Historically, maintenance tests were associated with leveraged loans and incurrence tests with investment-grade loans and bonds. There was an unprecedented $100B of this activity in January alone, with the repricing volume in subsequent months dwarfing previous repricing peaks. In July 2018, new-issue loan spreads bottomed out, then rose noticeably, above a point where many companies were paying on existing loans.

TRS programs were widely used prior to the 2008 credit contraction. For example, a loan has two fee tiers: 100 bps (or 1%) for $25M commitments and 50 bps for $15M commitments.

Dividend financing is straightforward. This was logical after the volatility introduced by the Russian debt debacle.

Similarly, issuers in defensive, less-cyclical sectors are given more latitude than those in cyclical industry segments. Another may prohibit it from taking on new debt. Roll-up DIPs.

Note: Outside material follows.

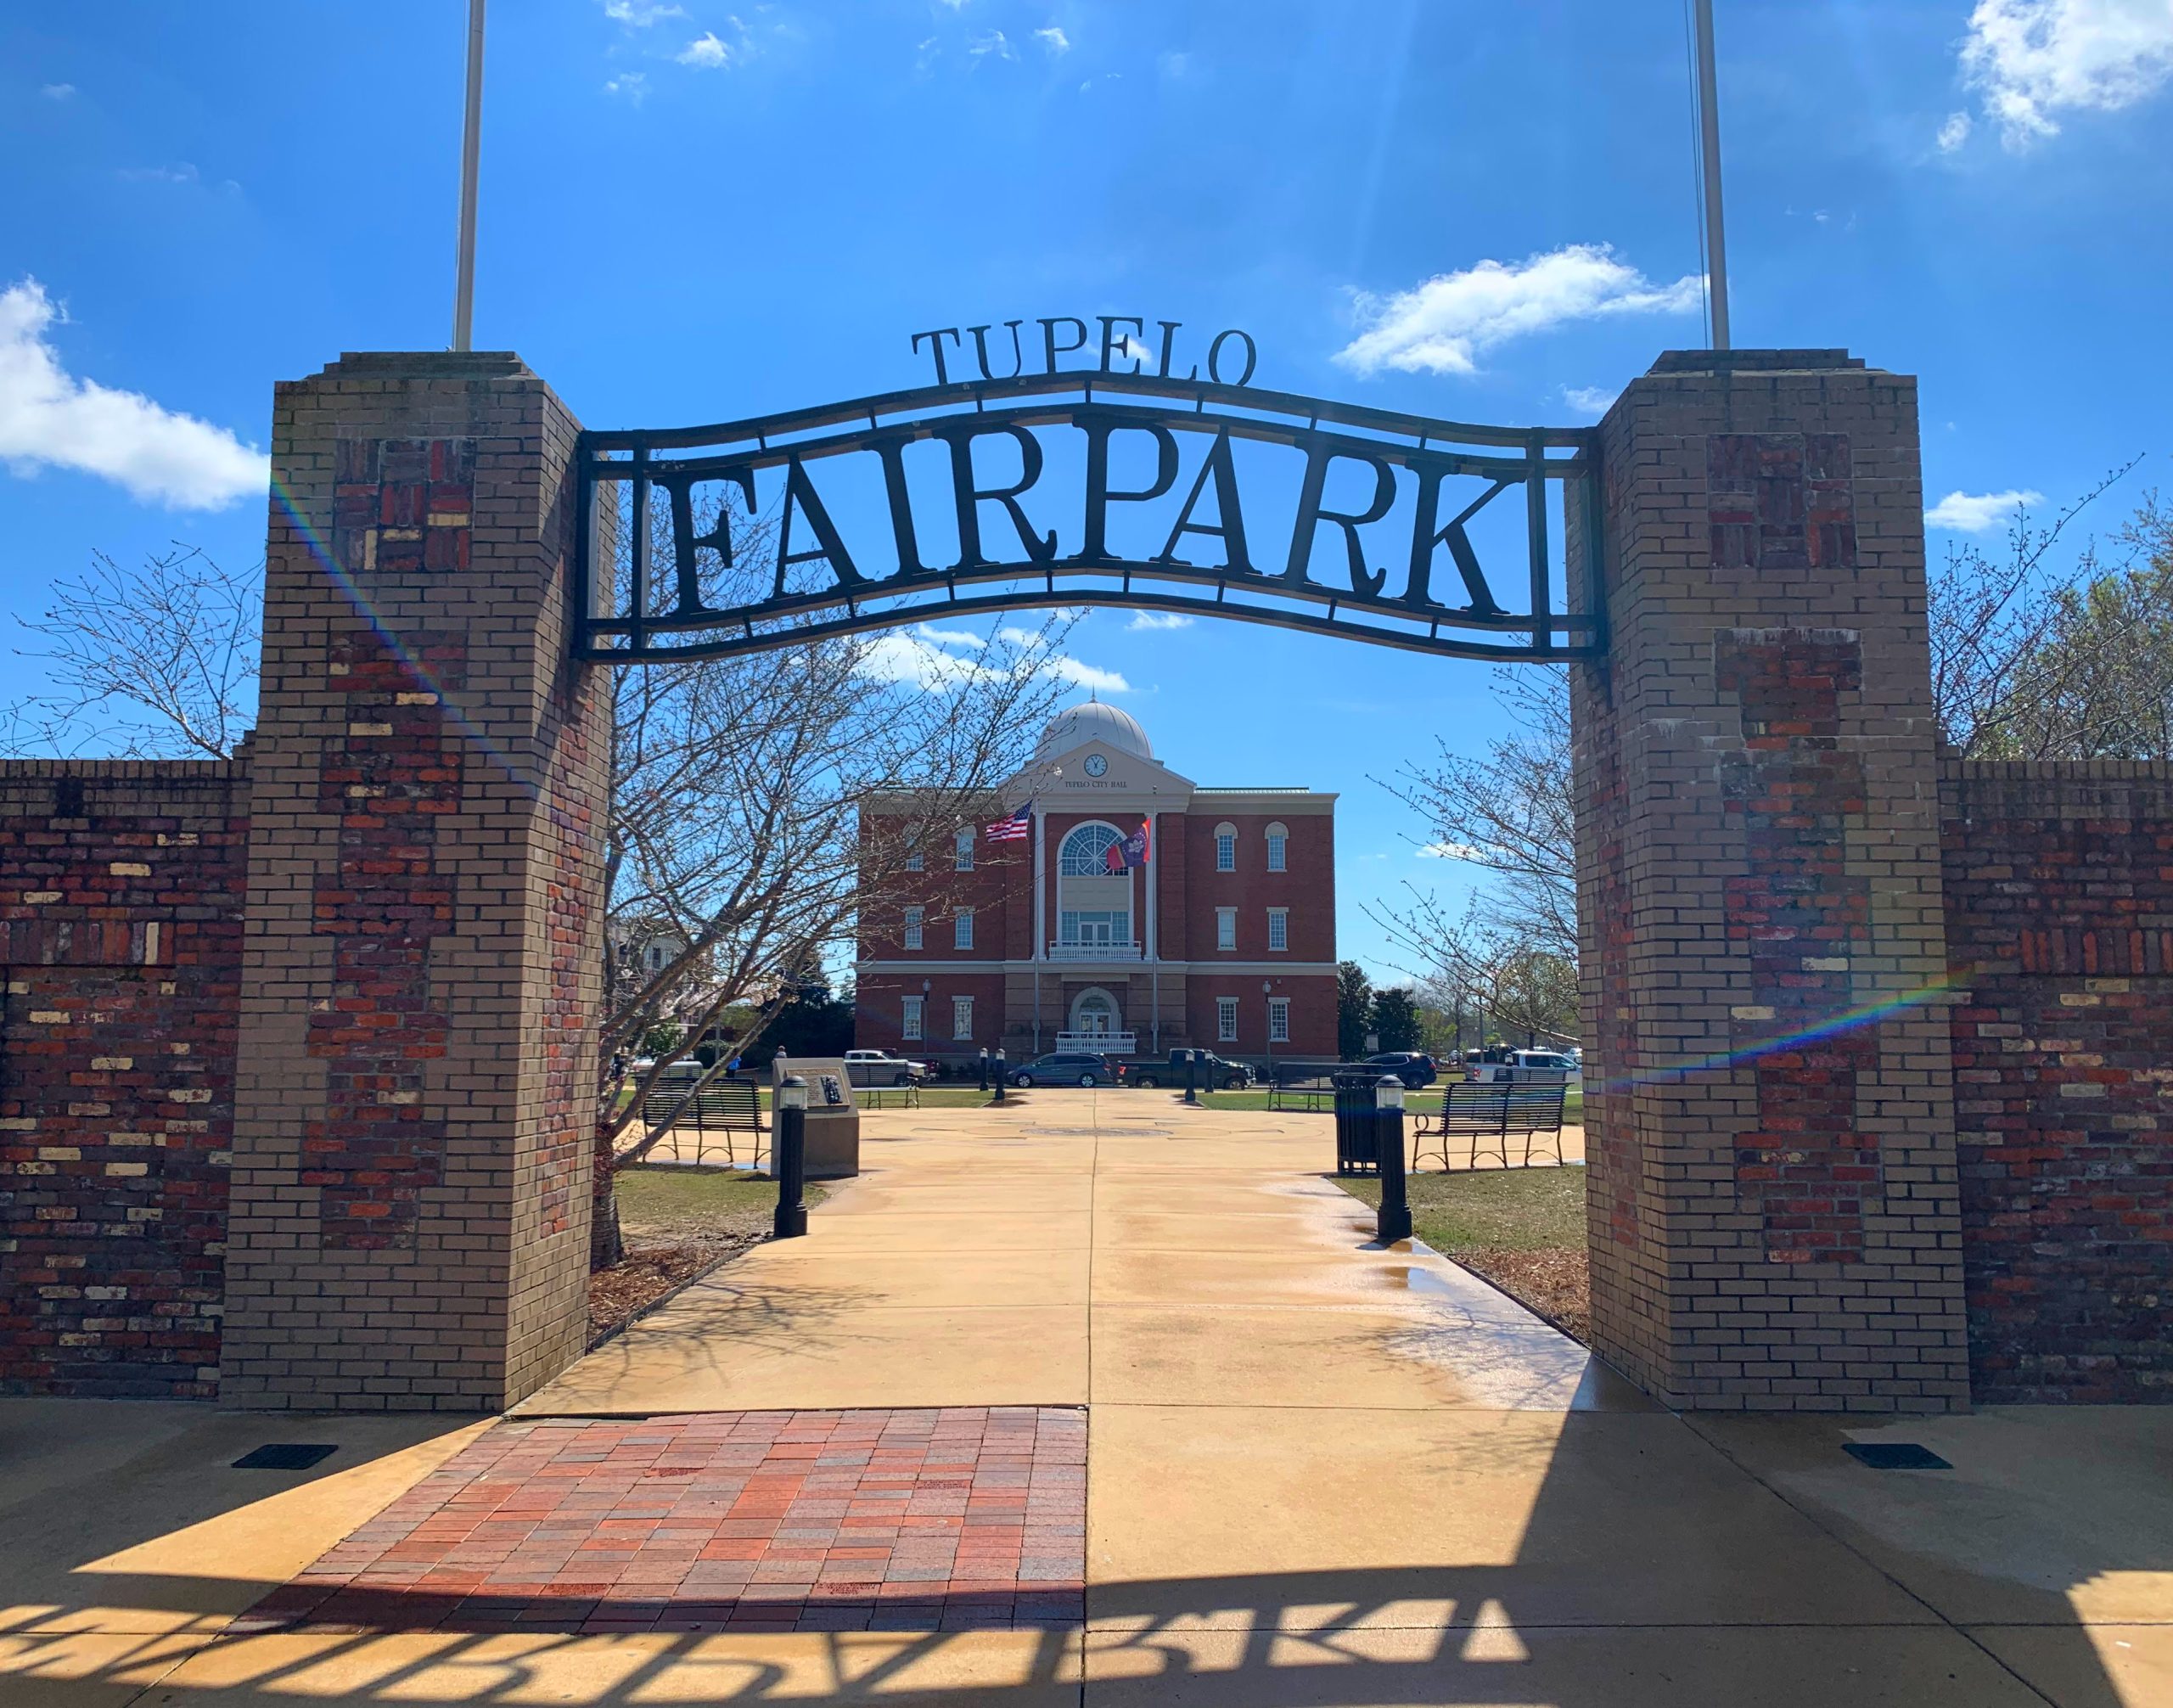 The entrance to Tupelo Fairpark.
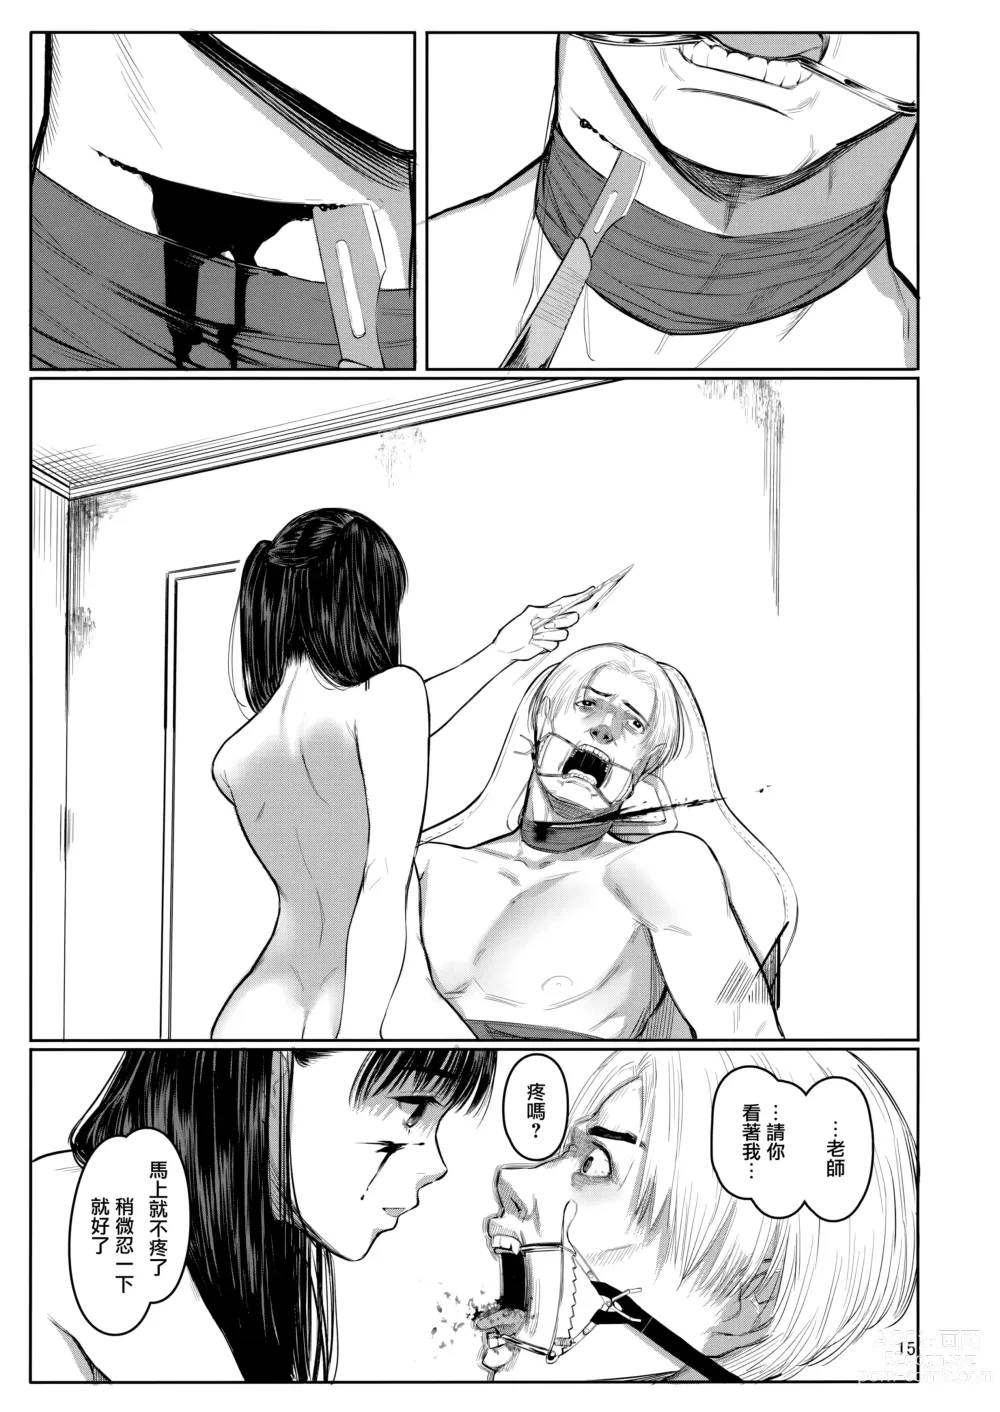 Page 14 of doujinshi Sensei

In these transactions the providers receive much or all of the post-petition equity interest as an incentive to provide the DIP loans. Fees for commercial LOCs (those supporting inventory or trade) are usually lower, because in these cases actual collateral is submitted. Upfront pricing lets a consumer know what the interest rate will Under these rules, investment managers are required to retain no less than five percent of the credit risk of assets they securitized, except for pools of qualified mortgages. Initially, arrangers invoked flex language to make loans more attractive to investors by hiking the spread or lowering the price (as in original-issue discount). In some loans, however, institutional investors take pieces of the TLa and, less often, the revolving credit, as a way to secure a larger institutional term loan allocation. The second innovation that weakened the public/private divide was trade journalism focusing on the loan market. The formula is similar. Either way, the deal strengthens the companys balance sheet. These are typically large revolving credits that back commercial paper or general corporate purposes. Affirmative covenants state what action the borrower must take to be in compliance with the loan. These are called primary assignments and are effectively primary purchases. In addition, investors will be briefed regarding the multiple exit strategies, including second ways out via asset sales. The arranger is generally a first among equals, and each lender gets a full cut, or nearly a full cut, of the fees.

So, why do arrangers underwrite loans? Of course, repricing a loan is attractive to an issuer only when new-issue loans spreads are lower than what an issuer is paying on existing debt. In the late 1990s, however, administrative agents started to break out specific assignment minimums for institutional tranches. In essence, a TRS allows an institution to by a loan on margin.

CBOs typically are available only to large, investment-grade borrowers. Therefore, affixing a spread-to-maturity or a spread-to-worst on loans is little more than a theoretical calculation. A supermajority is typically 67-80% of lenders. The removal of the concept of contingent revenue may impact the timing of We include a loan in the leveraged universe if: it is not rated or rated BBB- or higher but has. If the loan subsequently defaults, the buyer of protection should be able to purchase the loan in the secondary market at a discount and then deliver it at par to the counterparty from which it bought the LCDS contract.